The case is easily overstated. It has been an uphill slog for two decades. Elevating clients and communities that were previously defined as “problems” to the status of co-producers requires system change. Organizations earn their money by paying staff to manage caseload. Status comes from one’s role in parsing out limited supply of time and resources. Funders do not pay service providers to generate co-production – at least not yet. The TimeBank infrastructure has costs; some staff, a computer, refreshments, space, phones, brochures, and space produce an awesome multiplier effect but an initial investment is needed – at a time when money is scarce and competition is brutal. Nothing short of retrofitting will enable highly professional agencies to tap the vast renewable energy of community.  To take Co-Production 2.0 to scale will take an investment that involves retrofitting  human services agencies that are already overburdened and in crisis. That will not be easy.

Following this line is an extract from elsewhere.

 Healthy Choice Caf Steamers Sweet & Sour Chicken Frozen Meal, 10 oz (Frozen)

Co-Production 2.0 is a young social technology. It cannot be forced down people’s throat. And it competes with urgent demands just to maintain the status quo. Retrofitting means “furnishing new or modified parts not available or considred necessary at the time of manufacture.” When manufacturing companies undertake to “retrofit” their plants to become more energy efficient, they start with an energy audit that looks at present energy costs, at inputs and outputs – and then analyzes what changes are possible, what the costs are, what the savings will result from different modifications. Typically, the company undertaking the retrofit projects the savings and takes its compensation in the form of a percentage of what will be saved over a period of several years. We can do the same with a retrofit of Co-production 2.0. We know the present costs of systems that are failing – and the social costs that come from the inability of  present systems to address unmet need. A co-production audit instrument has already been developed that analyzes the extent to which some elements of co-production are already in place. We have enough experience to know that retrofitting to generate Co-Production works. The pay-off could be major – but it would be foolhardy to underestimate the risk and the potential resistance.

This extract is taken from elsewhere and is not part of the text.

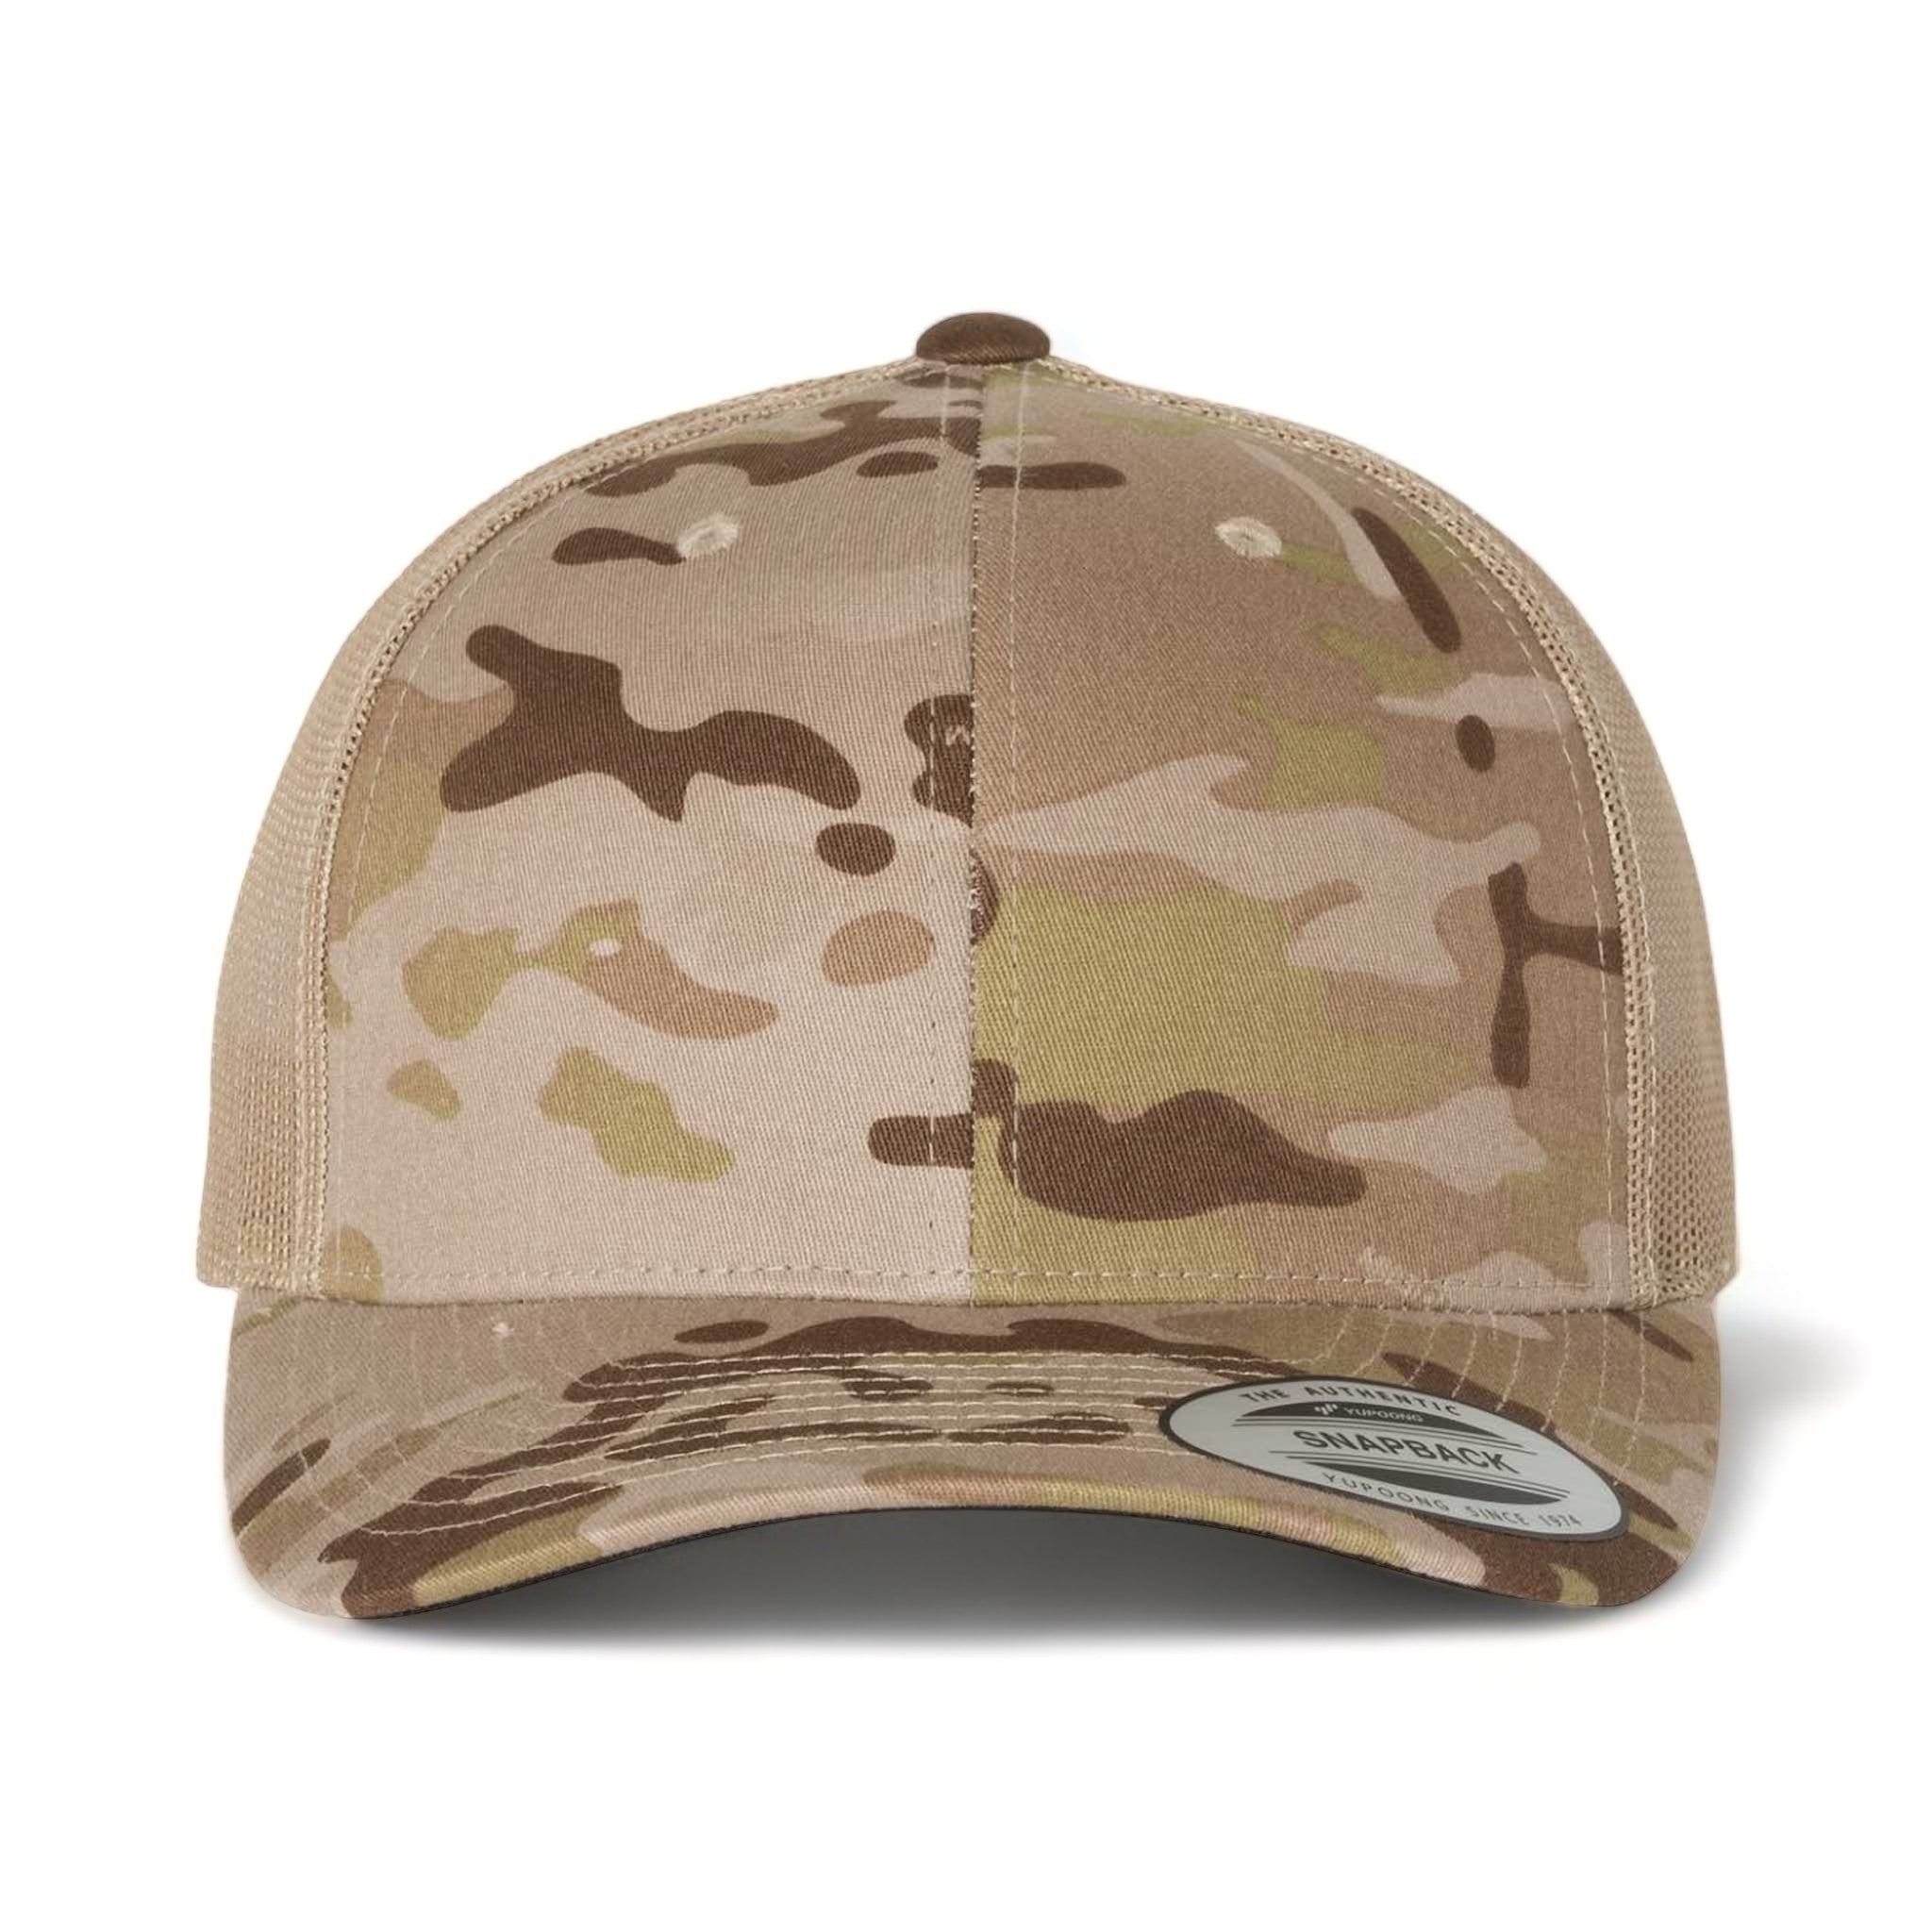 Front view of YP Classics 6606 custom hat in multicam arid and tan

Initiating Co-Production 2.0  – A Phased Process
Multiple steps are involved beginning with a Co-Production Audit that documents the costs of present systems and the gains that “retrofitting” could generate. What is needed first and foremost is genuine organizational commitment and more than lip-service support from leadership. Then comes the process of building a shared vision in the community for the new possibilities that Co-Production 2.0 offers. Outsiders cannot do that. A core team must be built that takes ownership of the vision. Then comes the design process because Time Banking can be adapted and used in a variety of ways. Steps toward implementation need to be mapped. After that comes the ongoing process of securing multi-level buy-in while engaging in staged implementation. The plan can target some quick, visible gains but any effort will encounter set-backs and disappointments.

We are fortunate to live at a moment of opportunity when there is an expanded sense of possibility. As President Obama said: “We are the change that we have been waiting for.” If we seize the moment, we will realize the full import of Monsignor Fahey’s good news: “All we have is each other.” And that is all we need.